Reducing regional haze in scenic areas
We're working to improve visibility in national parks and wilderness areas. We monitor air quality and develop strategies for returning visibility to natural conditions by 2064. Our initial strategies focus on large industrial sources of air pollution and how forestry debris is burned.
Measurements show that visibility at Washington's scenic areas has improved over the past two decades.
Regional haze ruins our view
Have you ever looked out expecting to see a breathtaking view of Mount Rainier or the North Cascades, and been disappointed to see an ugly brown or white haze ruining the view? It's called "regional haze," and it's air pollution. Regional haze has reduced scenic views in national parks and wilderness areas from an average of 140 miles down to 35-90 miles in the Western U.S. In the Eastern U.S., visibility has decreased from an average of 90 miles down to 15-25 miles.
Haze is caused when tiny particles in the air absorb and scatter sunlight between the object we are looking at — such as Mount Rainier — and our eyes.
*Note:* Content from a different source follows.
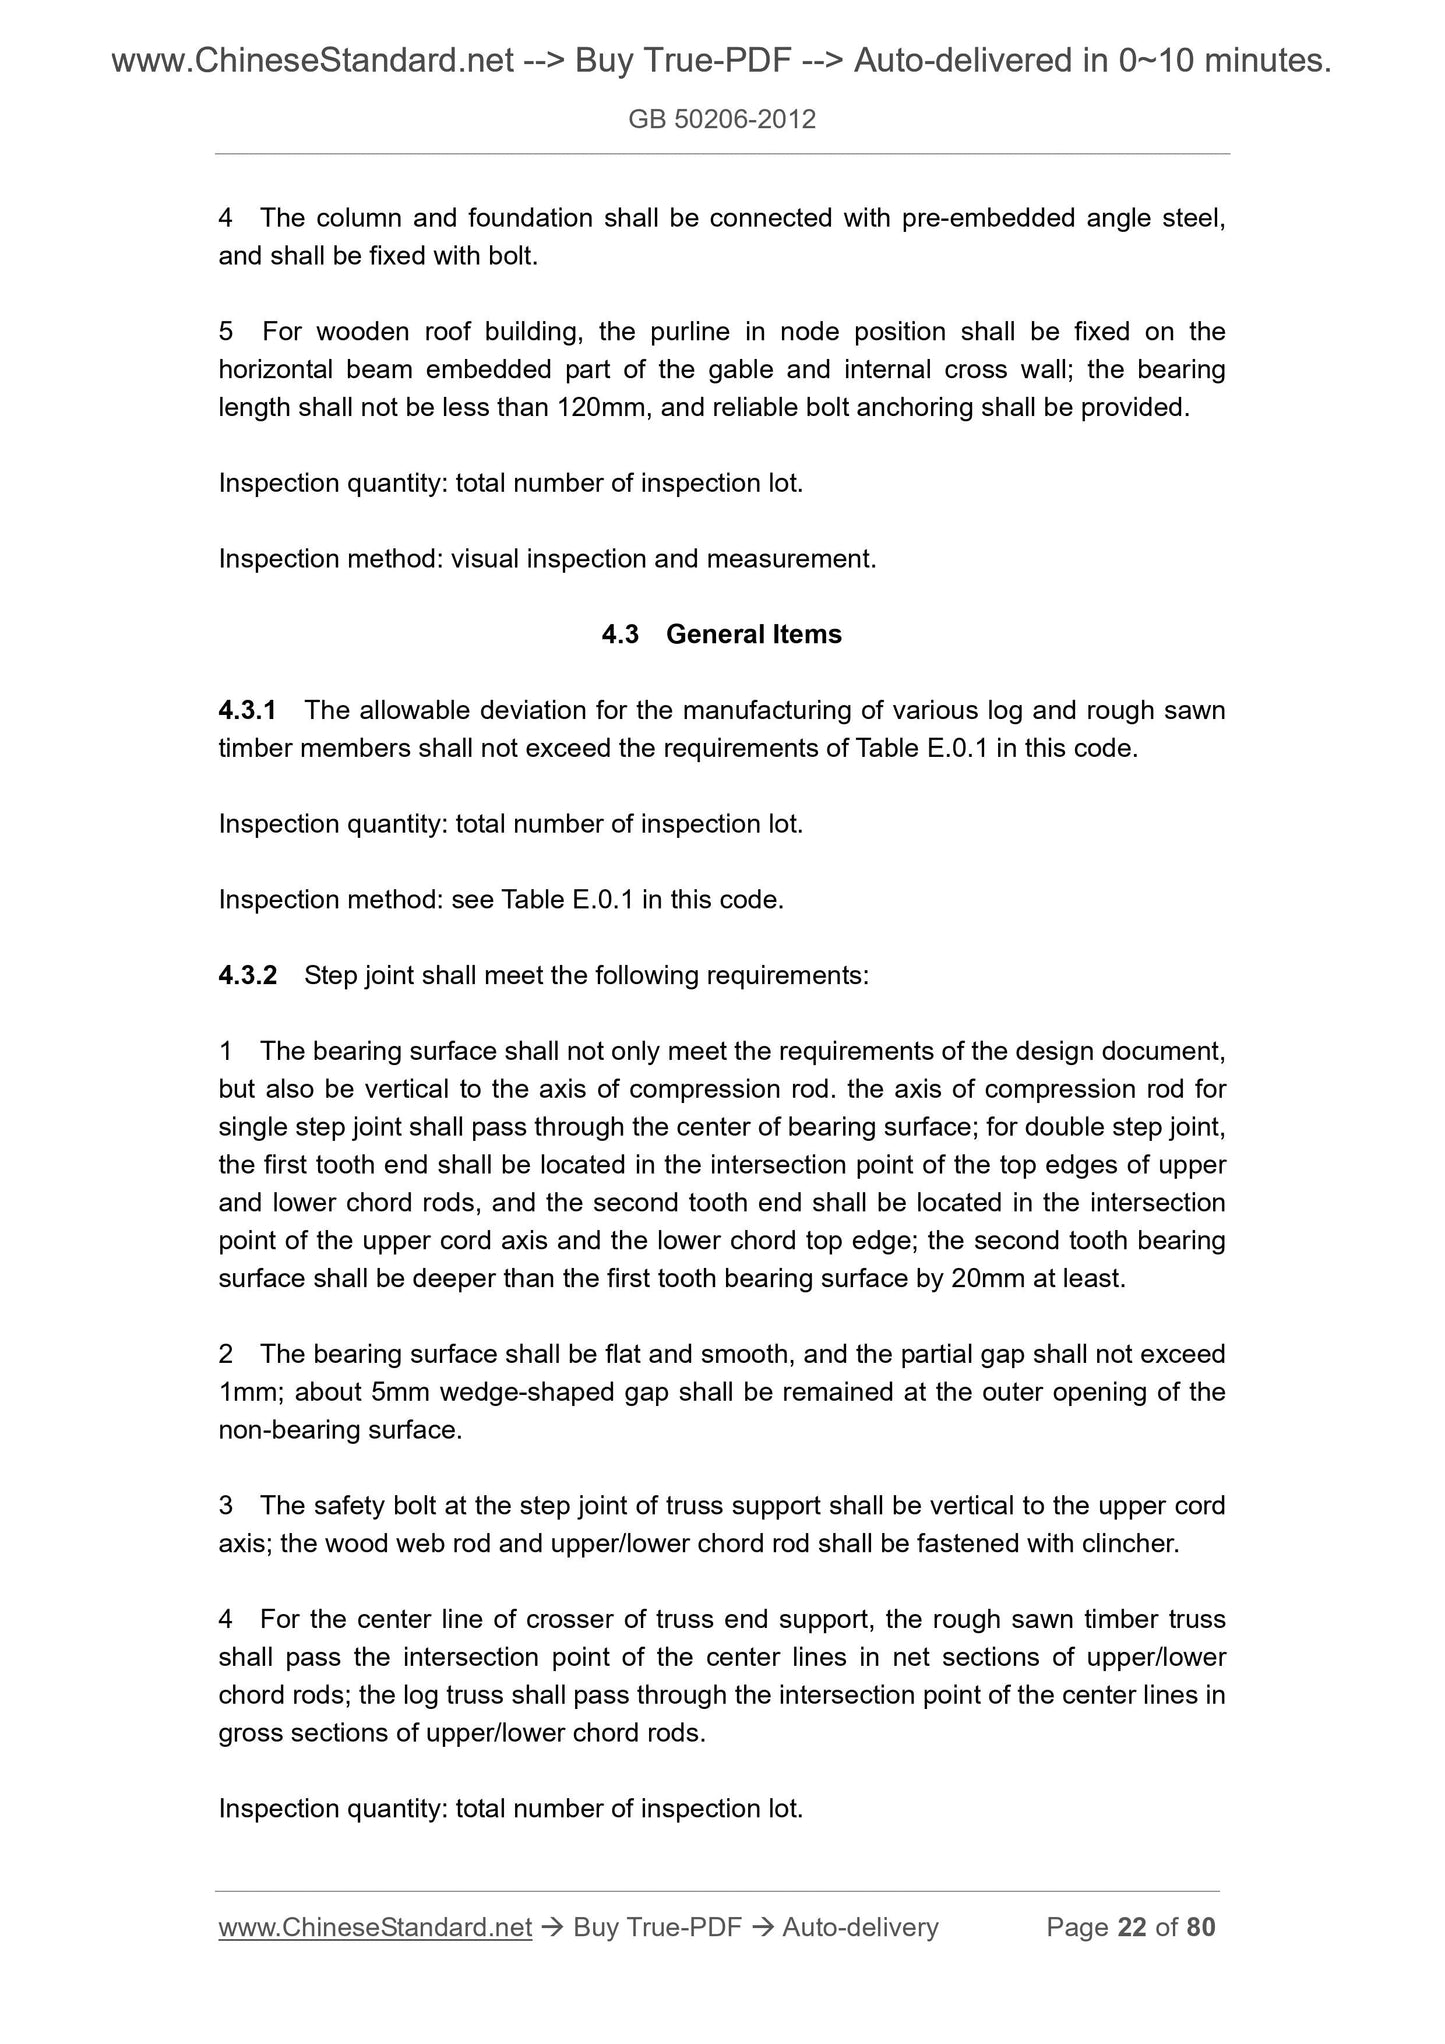 GB 50206-2012 Page 11

More particles in the air means that more light is either absorbed or scattered, reducing the clarity and color of what we see.
Comparison of a clear day and regional haze.
Sources of fine particles
The particles that cause haze come from both natural and human-caused sources. Natural sources include windblown dust and soot from wildfires or other burning. Human-caused sources include motor vehicles, electric utilities, industrial fuel burning, and manufacturing operations. Haze from these sources can come from as far away as Asia. Some of the particles that cause haze are emitted directly to the air. Others are formed from gases, such as sulfur dioxide and nitrogen dioxide, that can be carried far from their original source. This is why haze is often seen in areas that don't have any major sources of air pollution.
Fine particles have also been linked to serious health problems and environmental damage.
The Federal Clean Air Act requires states to protect and improve visibility in national parks and wilderness areas. The Clean Air Act has a goal of returning visibility in these areas to natural conditions by the year 2064. Congress designated 156 national parks and wilderness areas as "mandatory federal Class 1 areas" where visibility is especially important. All states must submit plans to EPA to reduce air pollutants that affect visibility in their mandatory Class 1 areas.
Washington has eight Class 1 areas, totaling more than 3.3 million acres of land. They are:
- Alpine Lakes Wilderness area
- Glacier Peak Wilderness area
- Goat Rocks Wilderness area
- Mt. Adams Wilderness area
- Mt. Rainier National Park
- North Cascades National Park
- Olympic National Park
- Pasayten Wilderness area
Washington's eight Class 1 areas.
We measure visibility by collecting and analyzing particles in the air as part of the Interagency Monitoring of Protected Visual Environments (IMPROVE) monitoring network. We do this in partnership with the National Park Service and U.S. Forest Service. In Washington, there are nine IMPROVE monitoring sites. One 24-hour air sample is collected at each site every three days, providing up to 121 samples each year from each site.
Once the samples are collected, they are analyzed for substances such as sulfate, nitrate, carbon-containing particles, sea salt, and dirt and sand, all of which affect visibility. We calculate visibility based on the types and amounts of substances in the particles.
We show visibility in one of three ways:
- Visual range (the number of miles or kilometers the naked eye can see).
- Deciviews (the number on a visibility index where the higher the number, the worse the visibility). A change in visibility of two deciviews can be noticed by the human eye.
- A measure of light scatter using an instrument such as a nephelometer.
Long-term monitoring trends suggest that visibility is improving somewhat at Washington's national parks and wilderness areas.
Regional Haze State Implementation Plan
A regional haze State Implementation Plan (SIP) was created in 2010 to define a strategy for improving visibility in our Class 1 Areas. Through the Western Regional Air Partnership, we worked closely with other states and organizations to write the SIP. This plan documented existing conditions and identified key sources of air pollution. The SIP noted that retrofitting emission technology at large industrial sources and existing federal and state controls are important for making reasonable progress by 2018. Updates to this strategy will occur periodically.
Haze reduction results
In 2011, as a result of a 2010 law (Chapter 80.80 RCW), a significant step was achieved in reducing regional haze when the TransAlta power plant in Centralia agreed to install nitrogen oxide reducing technology on two coal boilers.